Adding edges: 100%|██████████| 571927/571927 [00:37<00:00, 15434.45it/s]

[8]:

print(graph)

# Last tidying bits
graph = nx.convert_node_labels_to_integers(graph)
CGs = [graph.subgraph(c) for c in nx.connected_components(graph)]
CGs = sorted(CGs, key=lambda x: x.number_of_nodes(), reverse=True)
graph = CGs[0]
graph = nx.convert_node_labels_to_integers(graph)

# Save the graph!
with open("bgd_files/reddit/reddit-graph.npz", "wb") as f:
    pickle.dump(graph, f)

Graph with 51278 nodes and 178143 edges

Nice! Graph achieved. Spot that in the last section we had to deal with some missing data - we’re including edges ONLY if their nodes also have data.

Sample to make a dataset of smaller graphs

This is not too hard, I’ve written some code (Exploration Sampling With Replacement, ESWR) that does the sampling for you.

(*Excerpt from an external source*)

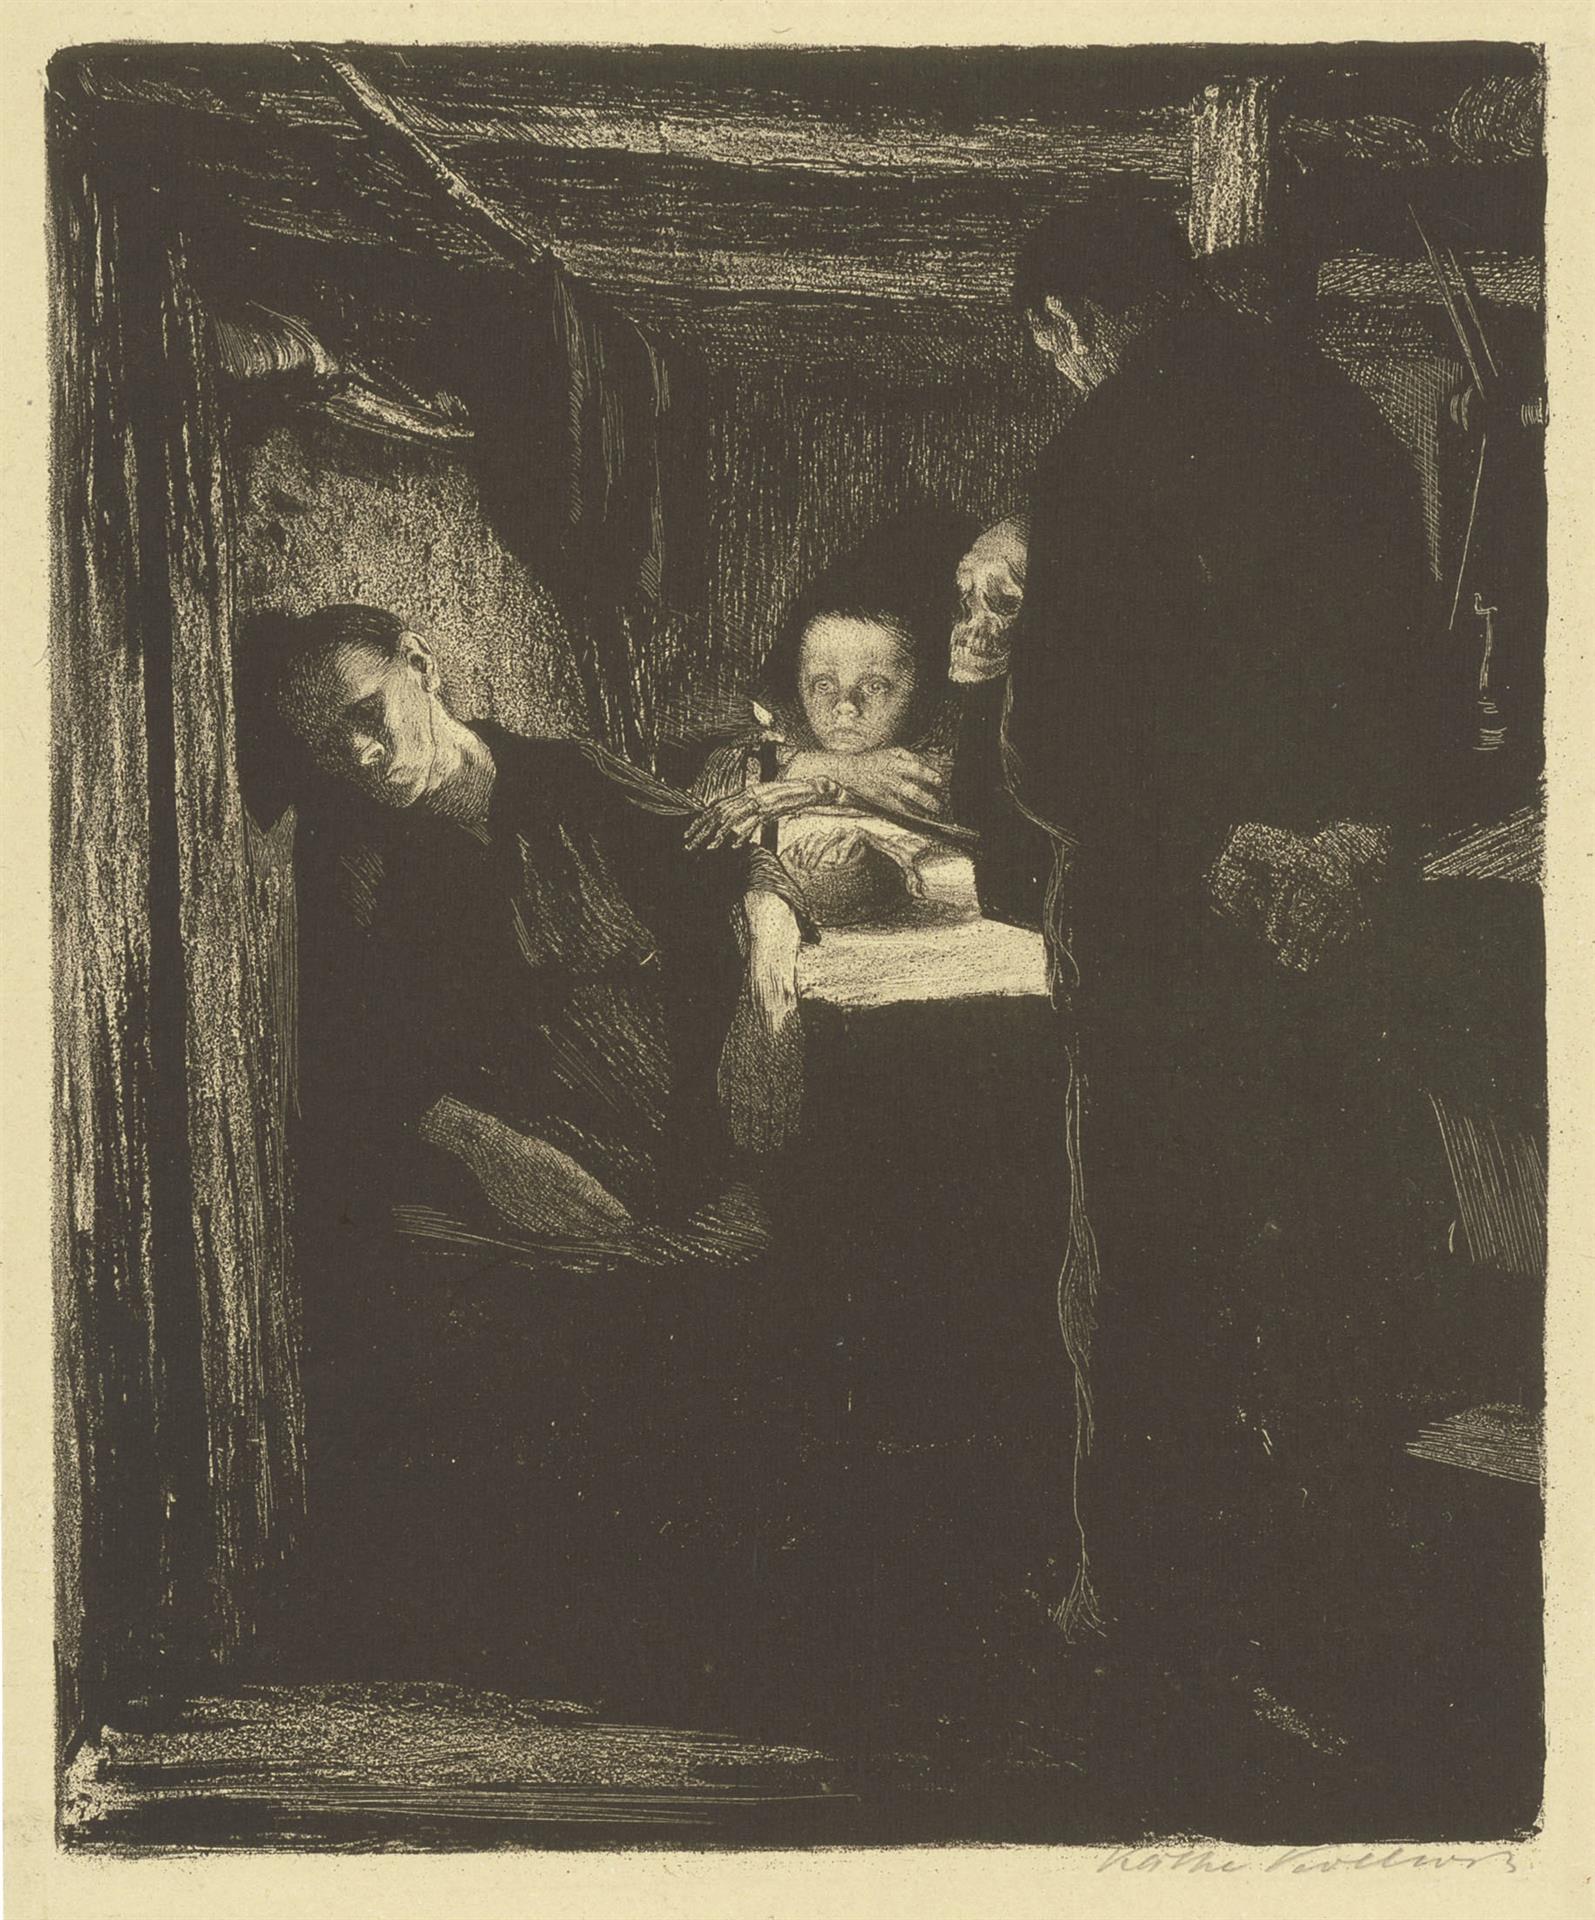 Käthe Kollwitz, Mort, planche 2 du cycle »Une Révolte des tisserands«, 1893-97, lithographie au crayon, à la plume et au pinceau, grattoirs, Kn 34 A b

This will produce a big list of small networkx graphs sampled from that original graph.

[9]:

from bgd.utils import ESWR

# Sample 1000 graphs of max 96 nodes from the big reddit graph
nx_graph_list = ESWR(graph, 1000, 96)


Sampling 1000 in 5 chunks with size 200

Sampling from large graph: 100%|██████████| 6/6 [00:07<00:00,  1.31s/it]

Done sampling!

Next we need to convert it to a Pytorch Geometric format. This will be specific to your data - here we have node labels, edge labels, edge attributes.

[10]:

import torch
from torch_geometric.data import Data

def specific_from_networkx(graph):
    # Turns a graph into a pytorch geometric object
    # Mostly by unpacking dictionaries on nodes and edges
    # Here node labels are the target
    # One of these functions for each dataset ideally - they are unlikely to transfer across datasets
    node_attrs = []
    edge_indices = []
    edge_labels = []
    edge_attrs = []

    # Collect node labels and attributes
    for n in list(graph.nodes(data=True)):
        # list(graph.nodes(data=True)) returns [(node_id1, {attribute dictionary}), (node_id2, ...), (node_id3, ...)]
        node_attrs.append(torch.Tensor(n[1]["attrs"]))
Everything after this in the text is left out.